Отъезд в эмиграцию — событие непростое даже для тех, кто жаждет как можно скорее оставить родные берега. Языковой барьер, культурные расхождения, груз сентиментальных воспоминаний, привыкание к новому климату, часовому поясу, воздуху, воде и еде — все это нередко осложняет жизнь за рубежом. Помните, как было в фильме «Окно в Париж»: «Возьми у меня сейчас все: Францию, Австралию, тачку-шмачку… Все возьми, только верни мой Невский, мой Финляндский, мою площадь Ленина, мою коммуналку. Только вот сейчас, немедленно». Вот она, характерная эмигрантская черта — скучать по тому, что раньше не вызывало никаких нежных эмоций!
В руках фанерный чемодан
Со временем эмигрантская общественность взяла на вооружение тезис об очистительной силе смеха и начала бороться с ностальгическими настроениями с помощью юмора. Что неудивительно, ведь для многих жизнь за границей — неразделимый трагикомический сплав, смех сквозь слезы — прямо как в фильмах Эмира Кустурицы (вся американская проза Довлатова как раз окрашена именно в такие тона). Впрочем, с ностальгией переселенцы боролись не только шутками-прибаутками, но и, разумеется, с помощью своего терпения, старания и выносливости. Согласитесь, не так-то просто выстраивать свою минивселенную за тысячи километров от родного дома. Особенно если ты причалил к чужим берегам с потертым чемоданом, внутри которого, к примеру, только финские креповые носки (не считая чугунного груза воспоминаний и обид, способных потопить любой «Титаник»). «Так и уехал с одним чемоданом. Чемодан был фанерный, обтянутый тканью, с никелированными креплениями по углам. Замок бездействовал. Пришлось обвязать мой чемодан бельевой веревкой. Когда-то я ездил с ним в пионерский лагерь. На крышке было чернилами выведено: «Младшая группа.
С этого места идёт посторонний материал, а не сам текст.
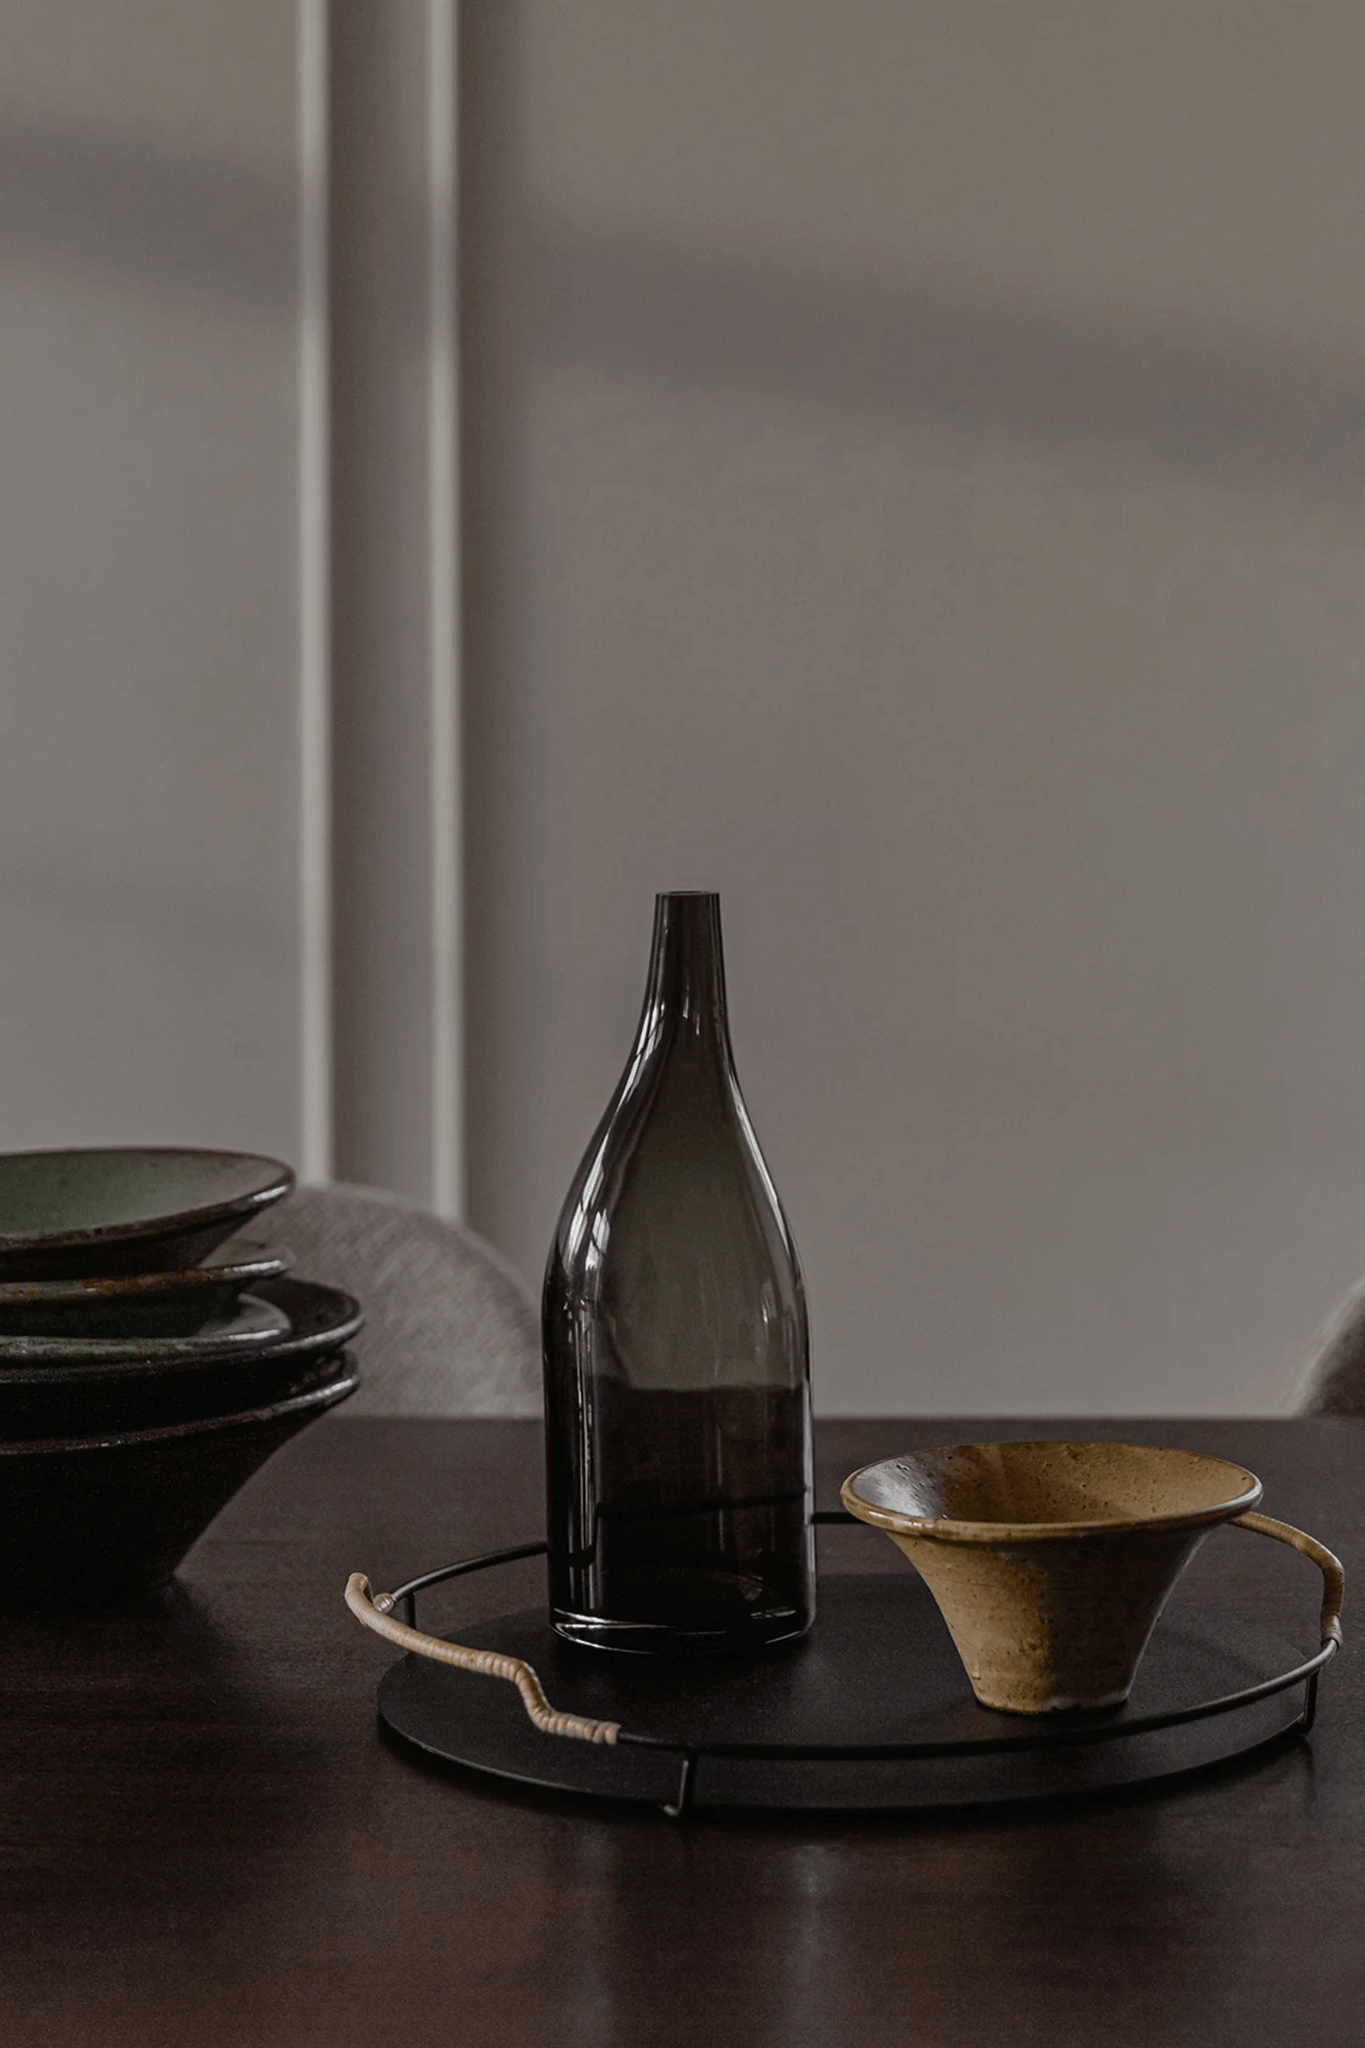 Black Balcony Serving Tray by Menu, shown on table with bottle and vessel

Сережа Довлатов», — вспоминал Сергей Довлатов в своем романе «Чемодан». Такой вот нехитрый скарб брали с собой в новую жизнь. И добивались успеха.
Тридевятое царство
«Скоро сказка сказывается, да не скоро дело делается» — народная мудрость, она же универсальная мотивирующая формула. Ведь сначала, конечно, любой эмигрант впадет в ступор: что делать? куда идти? Бродский, к примеру, вспоминал, что, когда приземлился в Вене, его озадачил издатель и славист Карл Проффер: «Ну, Иосиф, куда ты хотел бы поехать?» «О господи, понятия не имею», — только и ответил обескураженный поэт. Наверное, это чувство можно сравнить с боязнью чистого листа: с чего-то нужно начать, но с чего? Особенно когда все мосты сгорели (и в данном случае это не просто метафора для красного словца).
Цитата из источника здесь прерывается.